I think that was one of the cases that really brought about the shift in attitudes. It was quite shocking, and especially seeing them next to each other on Wogan, where he looks so much older than he was and she still looked about 14 (tho she was 16 or 17 when they went on the show)


----------



## JimW (Mar 8, 2019)

Was it Jerry Lee lewis supposedly got a pram thrown on stage during a UK tour as he'd just married his 13-year-old cousin? Sure it came up in a biopic but might have the wrong rock and roller.
ETA via Wikipedia: https://www.history.com/this-day-in-history/jerry-lee-lewis-drops-a-bombshell-in-london


----------



## maomao (Mar 8, 2019)

Spymaster said:


> They still are amongst shitbags.


Really? I know some proper fucking scumbags and either of those phrases would drop jaws these days.


----------



## kebabking (Mar 8, 2019)

when i was in the last couple of years at school - 14/15/16 at the end of the 80's and into the nineties - few of the very desirable girls in my year were going out with boys of their own age, they were going out with boys at least 4 years older than them. by 15/16 they were going to gigs and parties in Bristol, Cheltenham, and Gloucester that 15 and 16 yo boys from small towns on the edge of the Cotswolds simply weren't invited to.

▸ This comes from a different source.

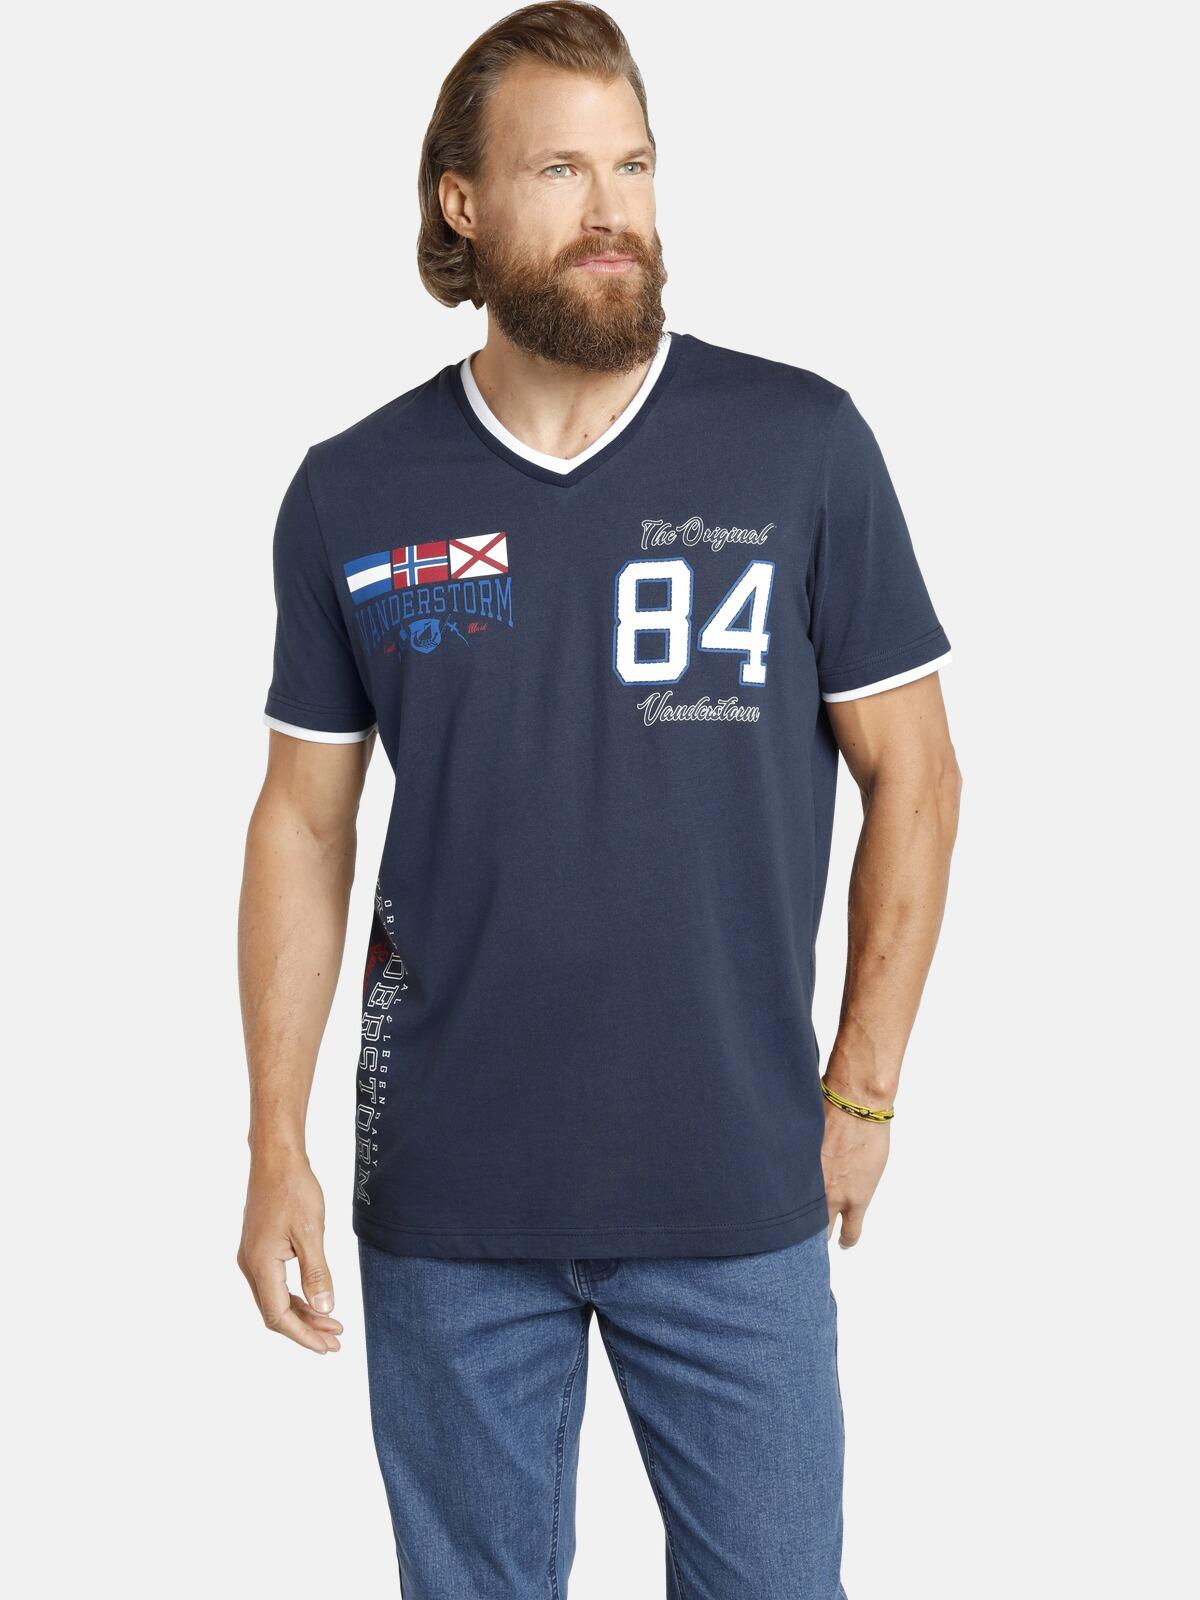 jan vanderstorm -  V-Shirt SANNO, Doppellagen-Look, Comfort Fit

the local car-park wonders were popular with the girls who didn't get invited to parties and gigs in Bristol or wherever - shitty Nova's doing doughnuts in the supermarket carparks on a friday night - they'd all be 18/19/20-odd, and some quite a bit older, well into mid-20's, and probably lacking in the _cultural capital _to have relationships with women more their own age. those blokes were looked upon as sad fucks by pretty much everyone, but (perhaps hypocritically), the 6th formers (and above) who were trapping off with the good-looking, mature girls in my year and taking them to parties and gigs were viewed as lucky bastards.

having three daughters - the eldest 15 - i see the above rather differently to how i did nearly 30 years ago. the problem however for the 'they were all grooming nonces' view is that the girls who were going down to Bristol and Cheltenham every weekend had _agency_: they lived a long way from those places, it took some effort to get from Yokelstown to Bristol on a saturday night, they were all girls who subsequently went to university and became doctors, lawyers, engineers etc.. they were very definately doing what they wanted to do, and having kept in touch with a couple of them, yes, they were going into town for the weekend and shagging left, right and centre, sometimes with people they knew, but often with randoms they'd meet at these gigs and parties. they were doing what the boys did at uni, but 2/3/4 years earlier.

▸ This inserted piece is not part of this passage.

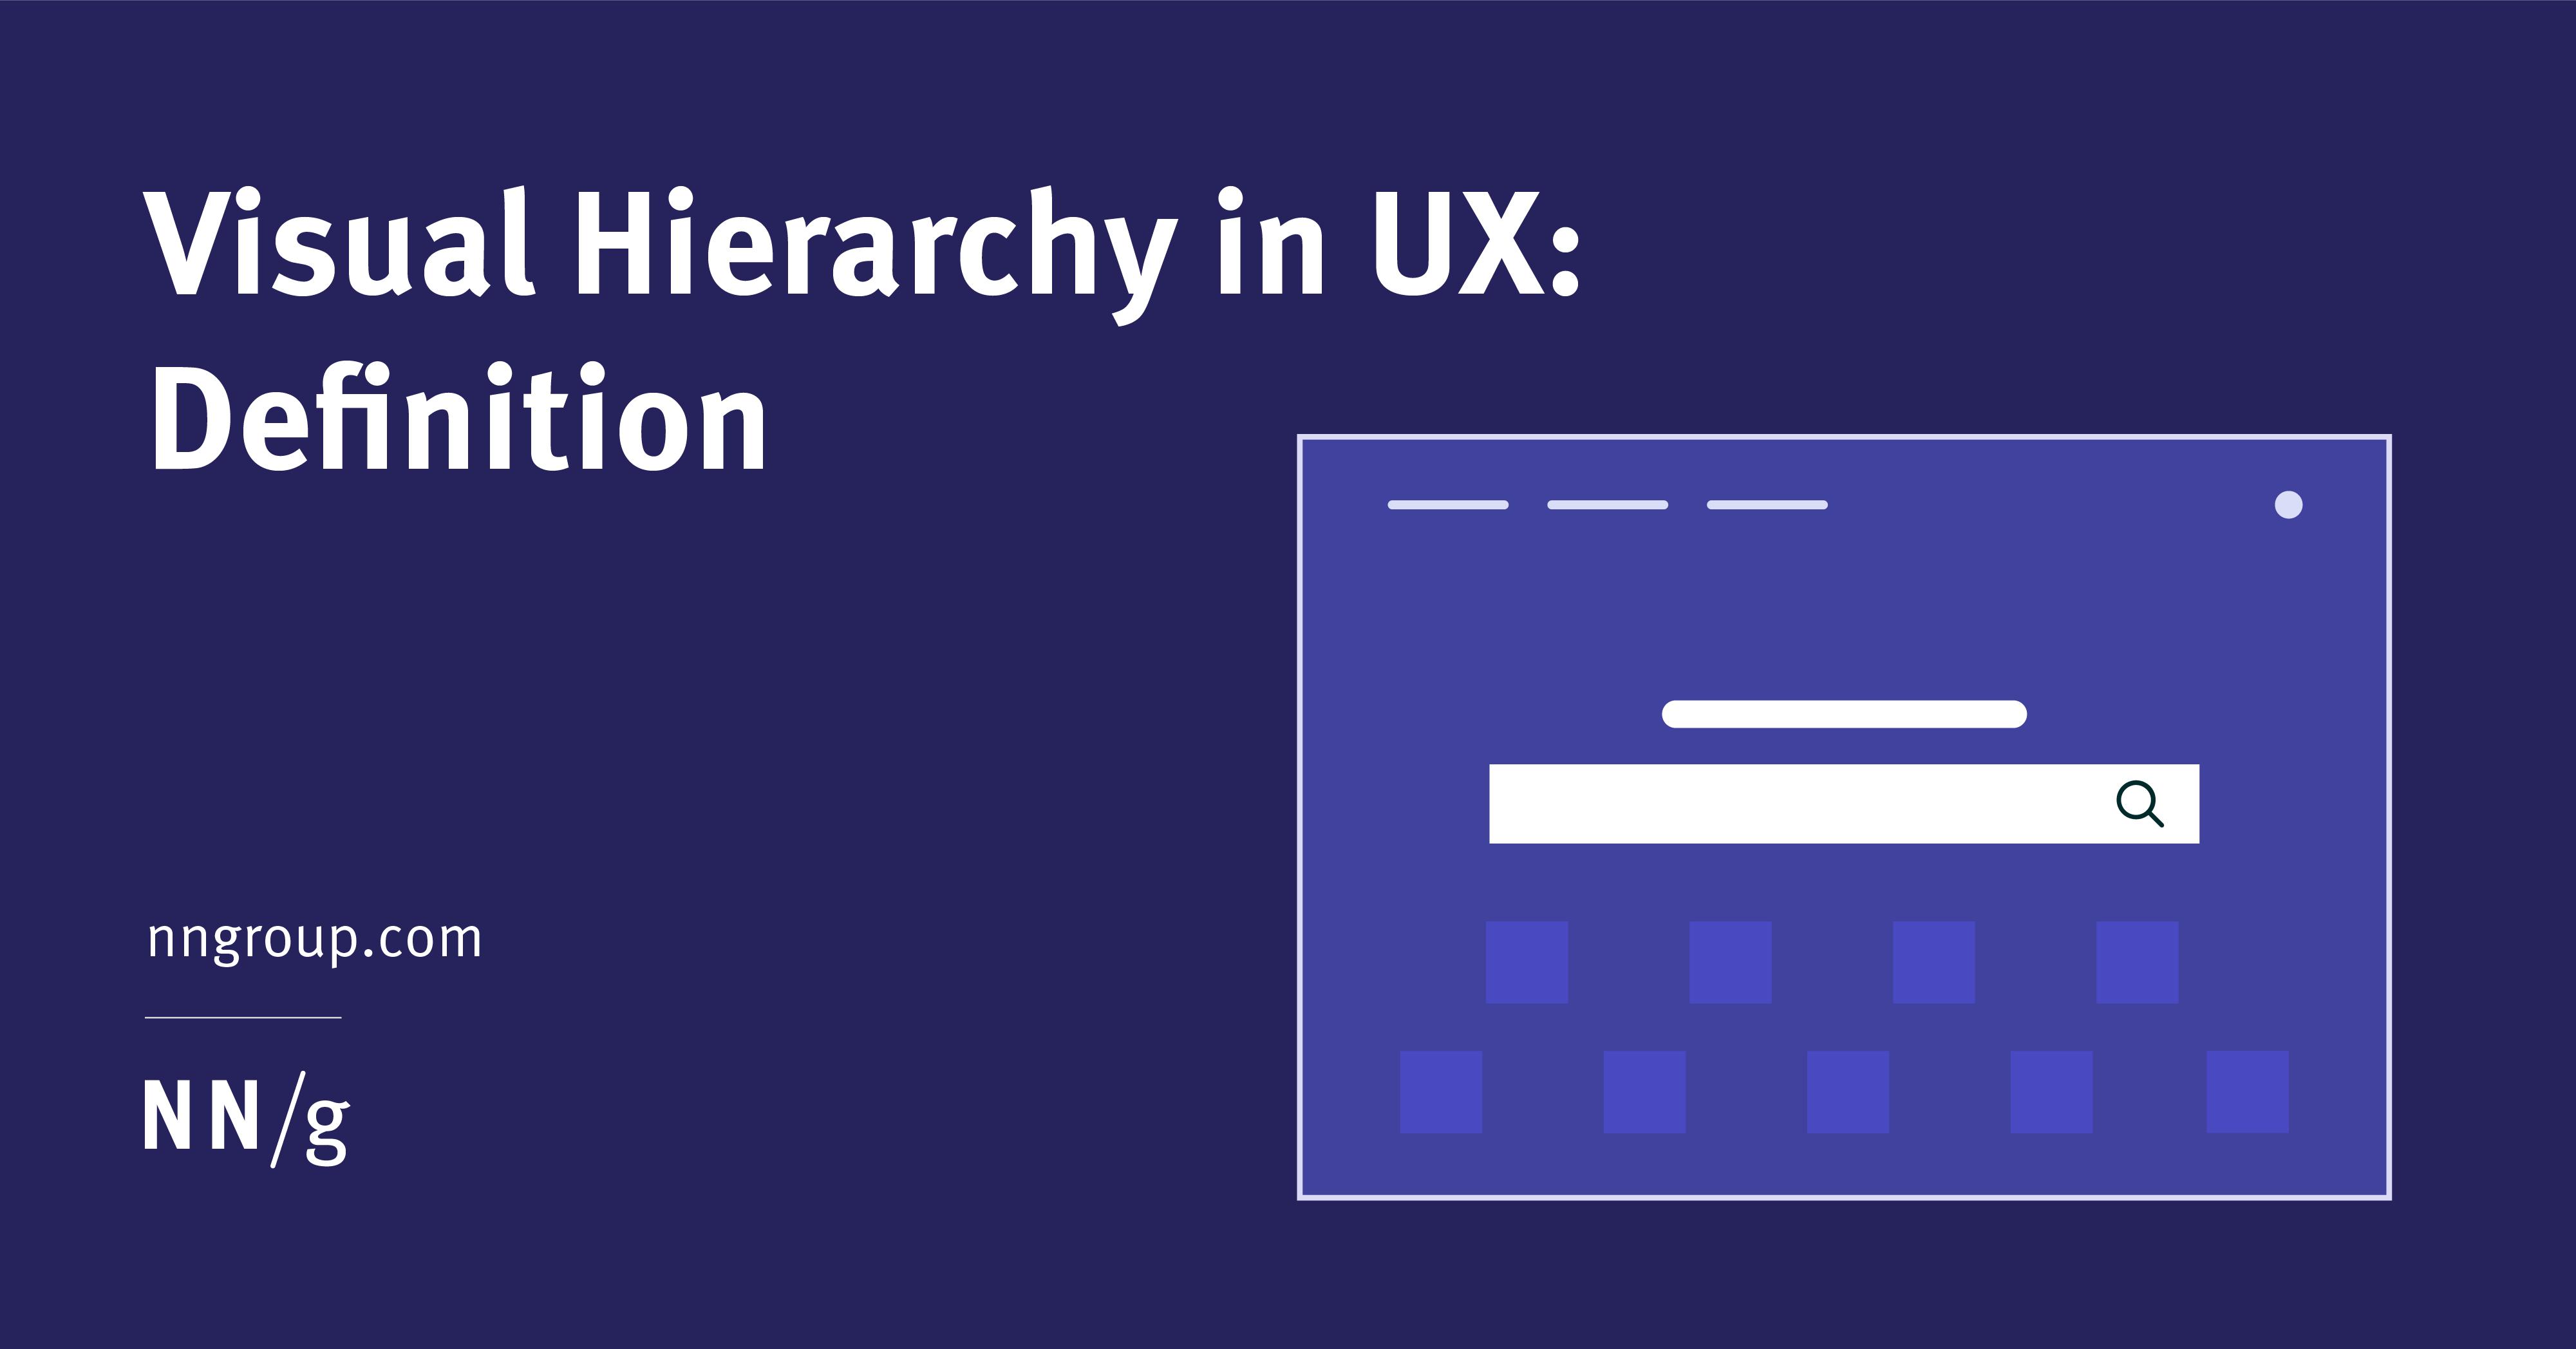 Visual Hierarchy in UX: Definition

there is, of course - because this is urban - a class element to this. it was middle class girls who went to parties in Bristol, and it was working class girls who got to see the Co-Op car park in all its glory.


----------



## tim (Mar 8, 2019)

kebabking said:


> in what way is morality not _formed_ by what people think?



Surely, what you think is formed by your moral code.


----------



## JimW (Mar 8, 2019)

kebabking said:


> ...small towns on the edge of the Cotswolds...


Dursley, I reckon.


----------



## kebabking (Mar 8, 2019)

JimW said:


> Dursley, I reckon.



not far...


----------



## JimW (Mar 8, 2019)

kebabking said:


> not far...


Your experience very like what I remember round that way though Stroud a bit different with added hippy factor.


----------



## Pickman's model (Mar 8, 2019)

tim said:


> Surely, what you think is formed by your moral code.


which comes first, your moral code or your thoughts?


----------



## friedaweed (Mar 8, 2019)

Where's the poll?


----------



## spanglechick (Mar 8, 2019)

The interesting parallel with Lori Maddix and the Jackson stuff is the role of the parents who enabled these offences.  

But there is a clear difference, reflected in law, between sexual activity with a pre-pubescent kid, and with an adolescent.  In law, it is possible for children over the age of 13 to give consent, and for that consent to be genuine.  It’s still illegal, but it’s highly possible that a twentysomethimg bloke would avoid custodial for consensual sex with an adolescent.  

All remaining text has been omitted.